:: PROBLEM STATEMENT ::
Please output the listing below character for character and omit the images.

:: DATA BLOCK ::
^^^^^^^^
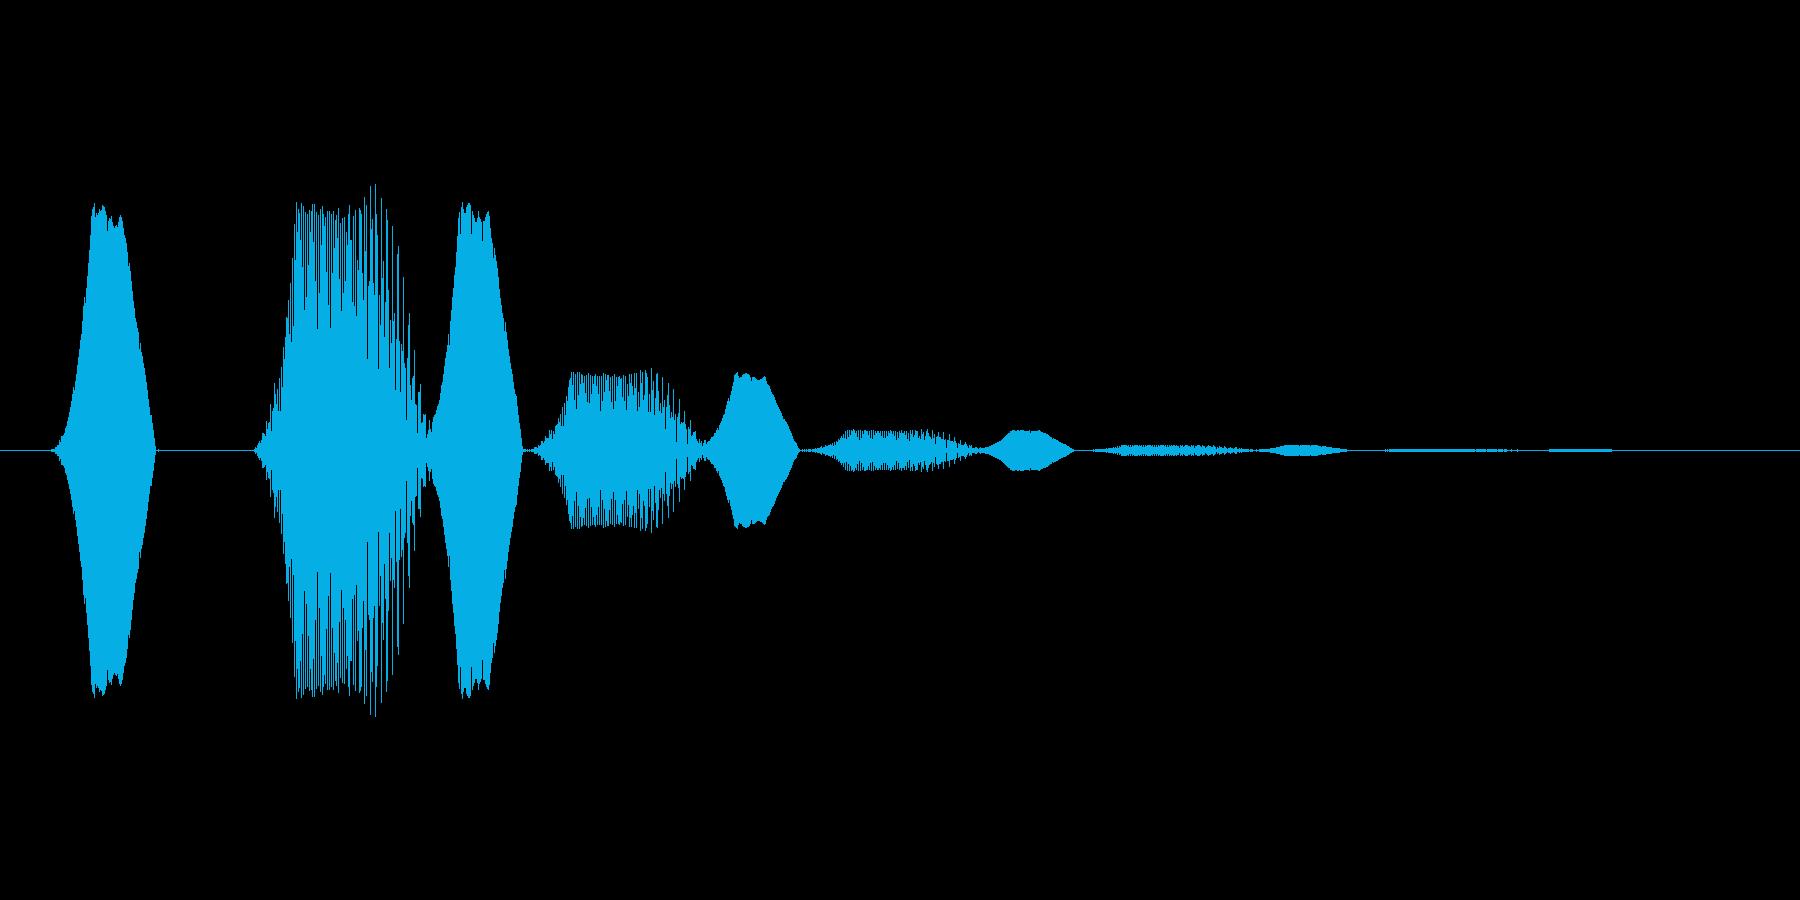 ファミコン風効果音 決定音系です 33の再生済みの波形
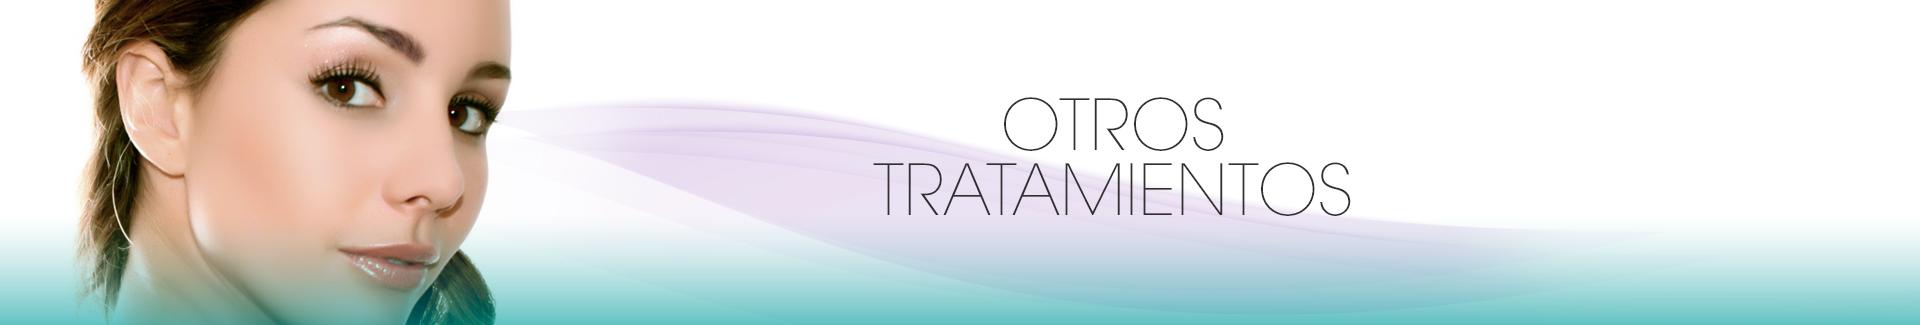 Otros Tratamientos - Clínica Sergio Rada, Medicina Estética Especializada
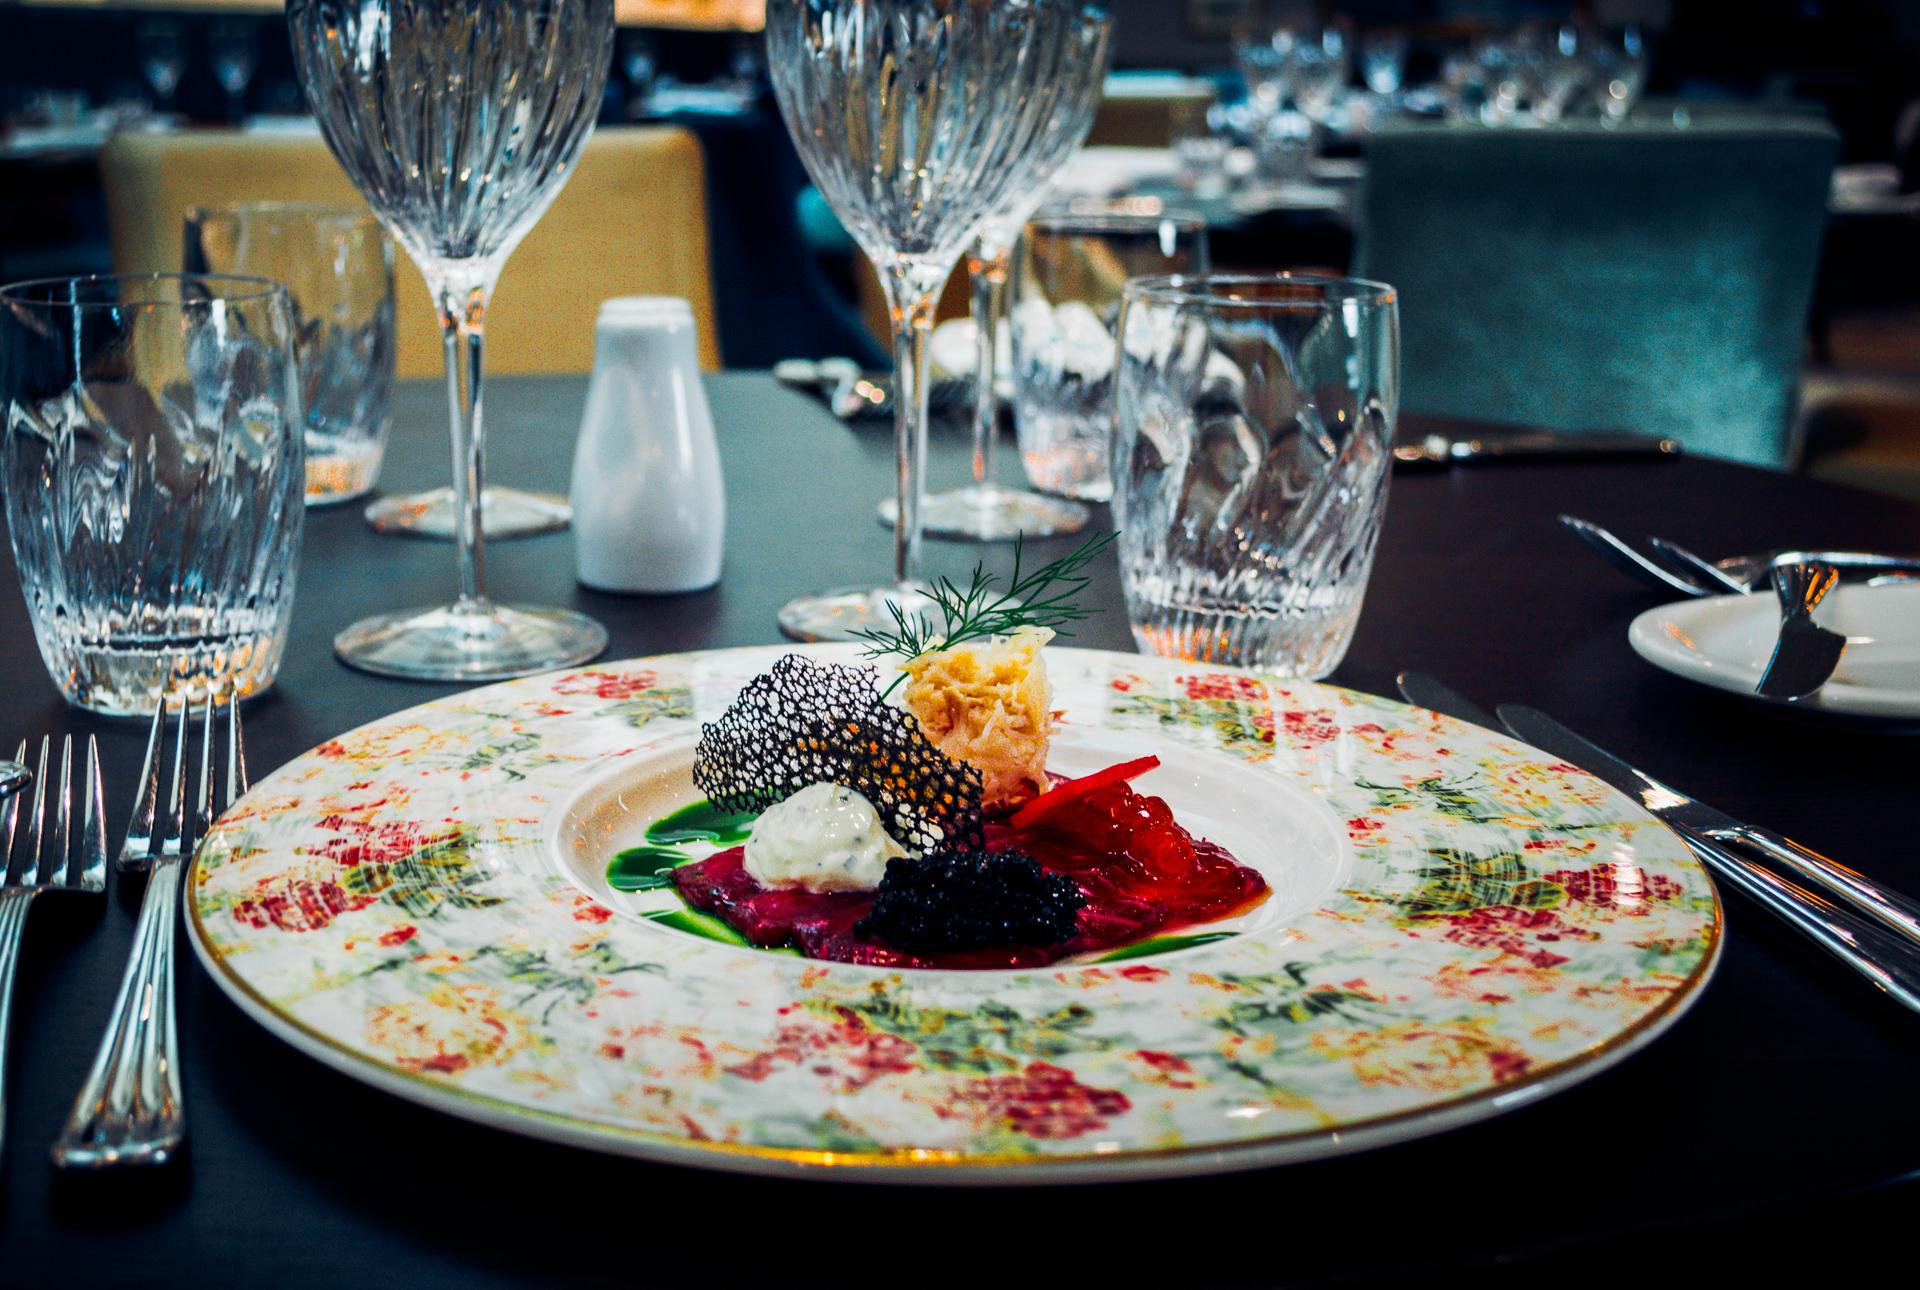 cheffins-beaumont-jersey-salmon-cravlax
^^^^^^^^
:: RESULT BELOW ::
 ファミコン風効果音 決定音系です 33の再生済みの波形
 Otros Tratamientos - Clínica Sergio Rada, Medicina Estética Especializada
 cheffins-beaumont-jersey-salmon-cravlax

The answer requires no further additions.